▶ **AVAILABLE DATA**:

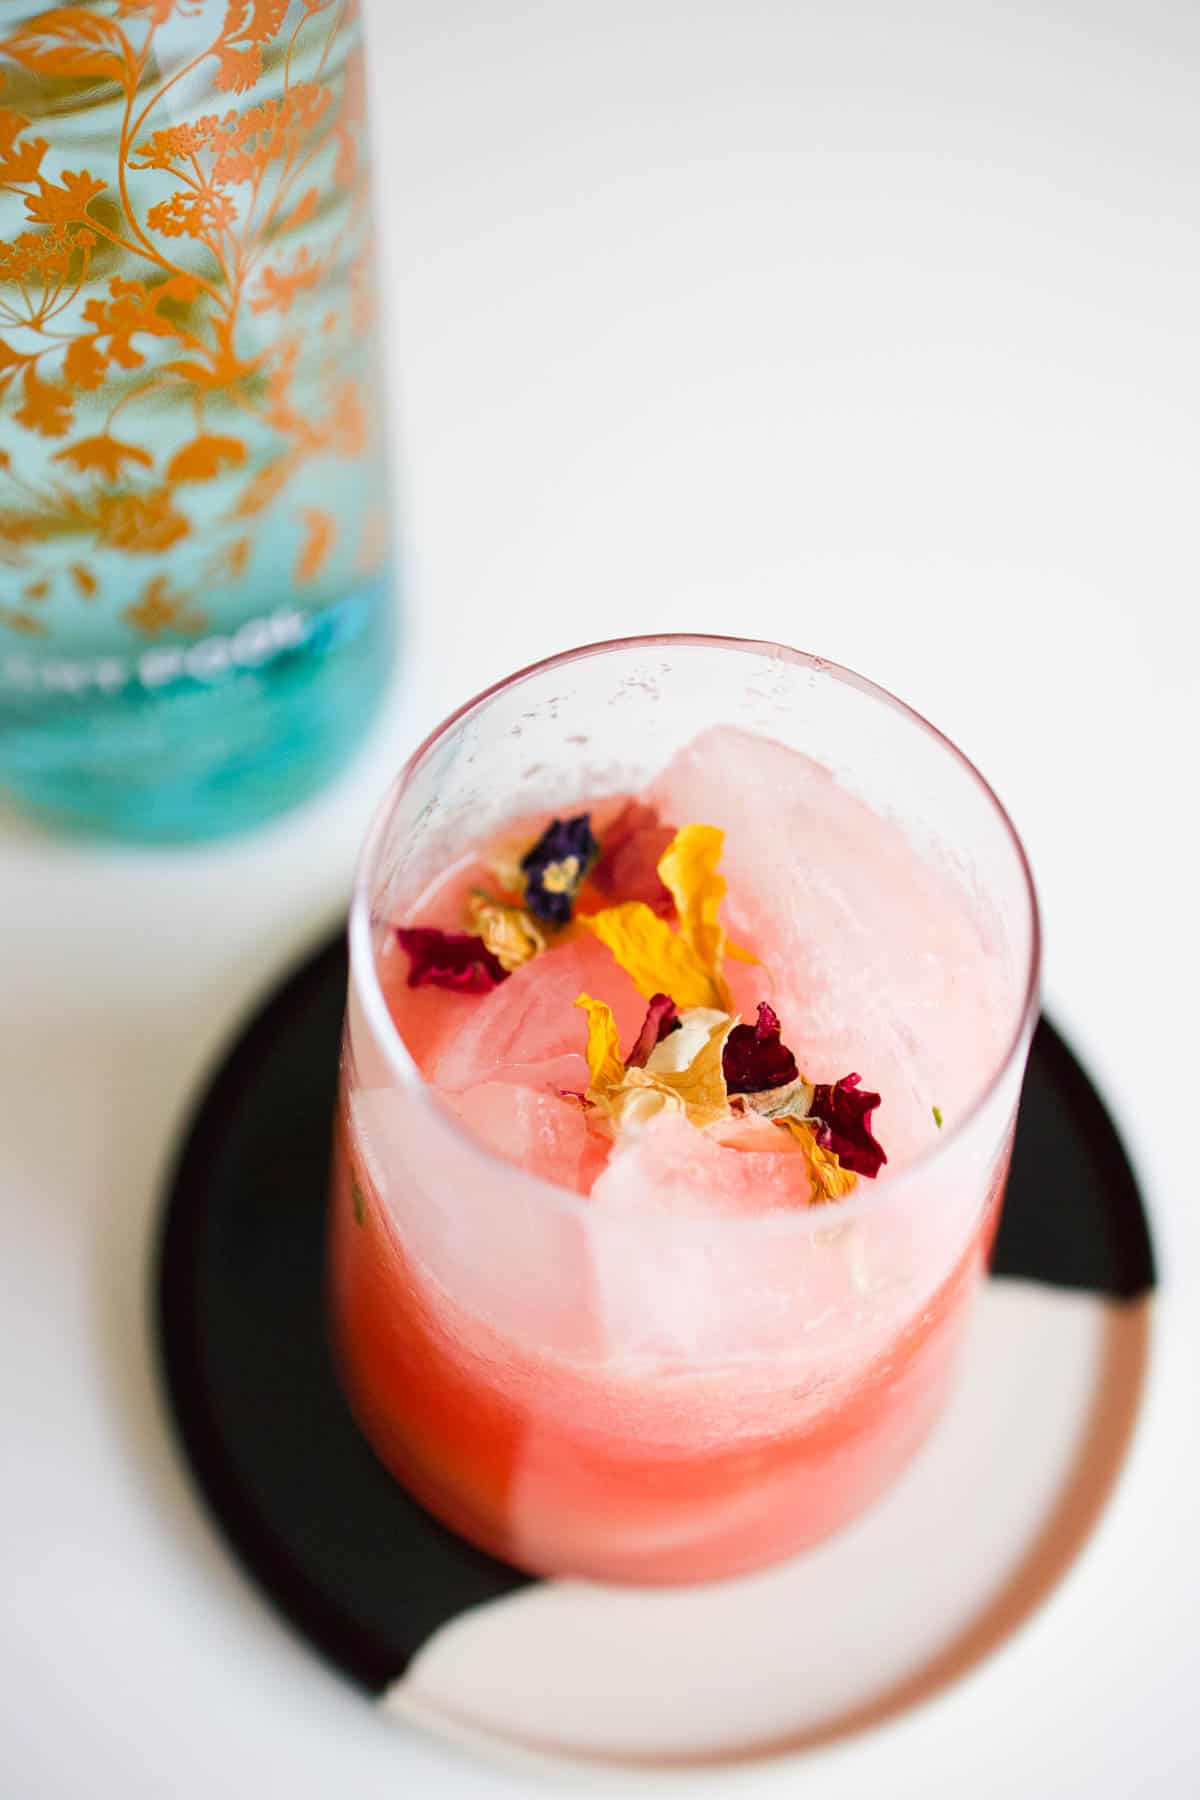 Watermelon juice and gin on the rocks garnished with edible flowers.
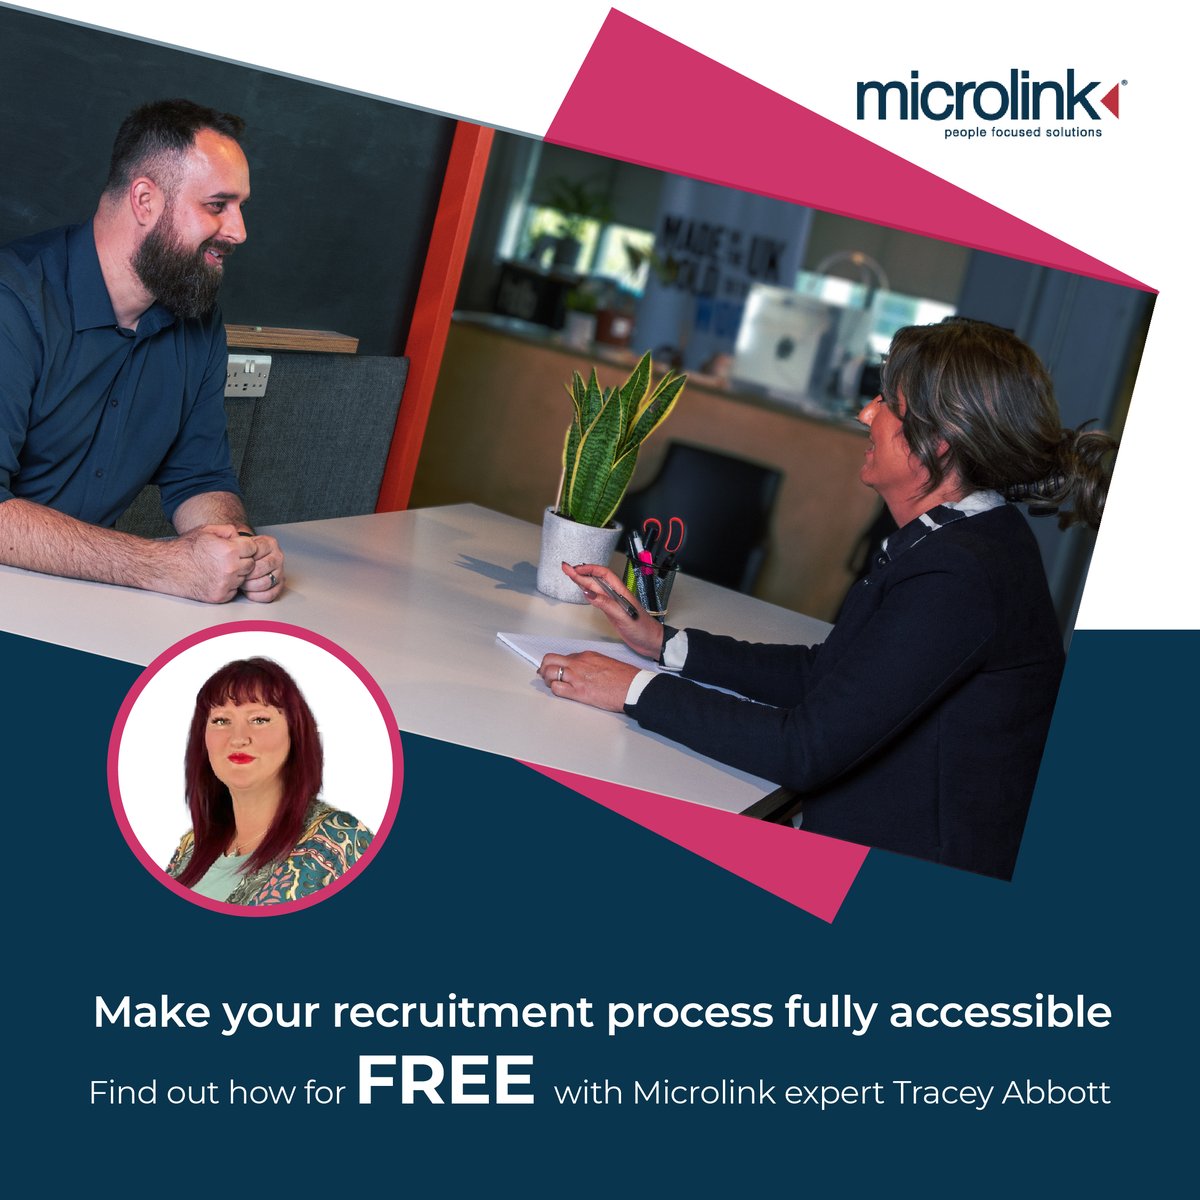 We're thrilled to present FREE consultancy sessions to address your #AccessibleRecruitment needs, guided by expert Tracey Abbott. This limited-time opportunity allows you to tap into the expertise of our experts, providing insights usually valued at £600.

shorturl.at/cdpH8

▶ **INSTRUCTIONS TO FOLLOW**:
Output all the material exactly. The pictures are to be left out.

▶ **PROBLEM SOLUTION**:
 Watermelon juice and gin on the rocks garnished with edible flowers.
 We're thrilled to present FREE consultancy sessions to address your #AccessibleRecruitment needs, guided by expert Tracey Abbott. This limited-time opportunity allows you to tap into the expertise of our experts, providing insights usually valued at £600.

shorturl.at/cdpH8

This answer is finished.